People in front of big blue digital screen with Chinese signs.
Visit to Professor Ouyang Minggao’s Academician Workstation in Yibin. Photo: Arne Nåbo.

Lightning-fast technological development, smart battery management solutions and close links between research, innovation and production. These are some of the strongest impressions formed from a study trip to China.

In November 2023, 17 researchers and representatives of vehicle manufacturers and logistics companies boarded a plane to Shanghai for a week-long study visit to look at electrification and battery swapping systems for heavy vehicles.
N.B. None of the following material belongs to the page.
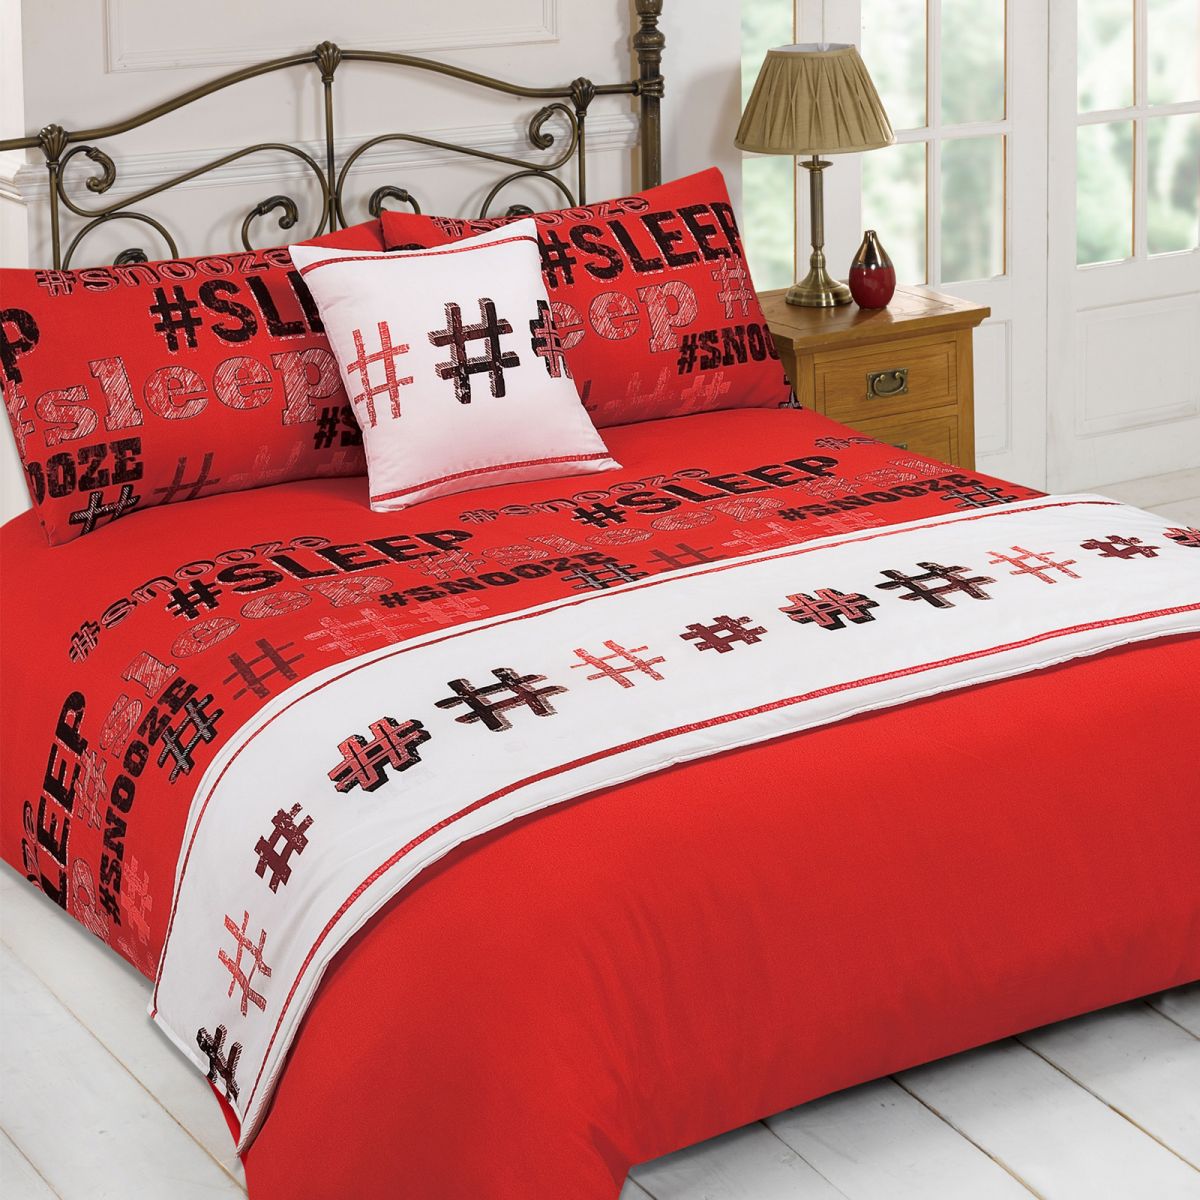 Dreamscene Hashtag 5 Piece Bed in a Bag Set Red - Single

Arne Nåbo, research leader, and Philip Linné, researcher, participated from VTI.

The group travelled around vehicle manufacturers, battery companies and development centres by bus, plane and high-speed train travelling at 350 kilometres per hour. This visit was part of the Sweden-China Bridge project, which aims to increase the exchange of knowledge on the transport system between the countries.

Arne Nåbo, who recently completed a project on battery swapping in Sweden, gained new insights into aspects such as battery management at Chinese companies. Every battery in the system can have its own identity there, and be connected to a virtual battery management system. This keeps track of everything from charging and payment to function and the need for servicing.

When battery performance drops, it’s no longer used for vehicles but can be used in battery storage systems that are used to stabilise the electricity system as a whole.

“It was fascinating to see how much they were able to keep track of every battery. The system also allows the batteries in a battery swapping station to be used for two purposes: for charging vehicles, and for services aimed at supporting the power grid.

China is a world leader in terms of both battery swapping systems and the electrification of the transport system as a whole. Nine out of ten of all the electric trucks in the world are produced in China, and more than nine out of ten of all electric buses are there, to name but a couple of examples. The transformation is huge and taking place at a rapid pace. One company that was visited went from design to production in just over two years.

Important impressions were formed during the trip, too: the close links between electrification and automation, the link between the transport system and society’s power system, and the rapid pace of technological development. The next generation of battery swapping systems will be cheaper, faster and more automated and offer new battery types.

“It was interesting, too, to see the link between research, innovation and production. When an innovation was put into production and the manufacturer started making money, some of the profits were channelled back into research,” says Arne Nåbo.

He reckons that Sweden, and the entire Western world, has a lot to learn from China.

“The country is a one-party state and has a very different political system to our own. But when it comes to electrification, there are still a lot of things we could do in much the same way,” he says, adding that it’s important to maintain collaboration with the academic community.

The academic element of the Sweden-China Bridge 2.0 project is being funded by the Swedish Transport Administration and coordinated by Halmstad University. The project is ongoing from January 2023 to December 2025.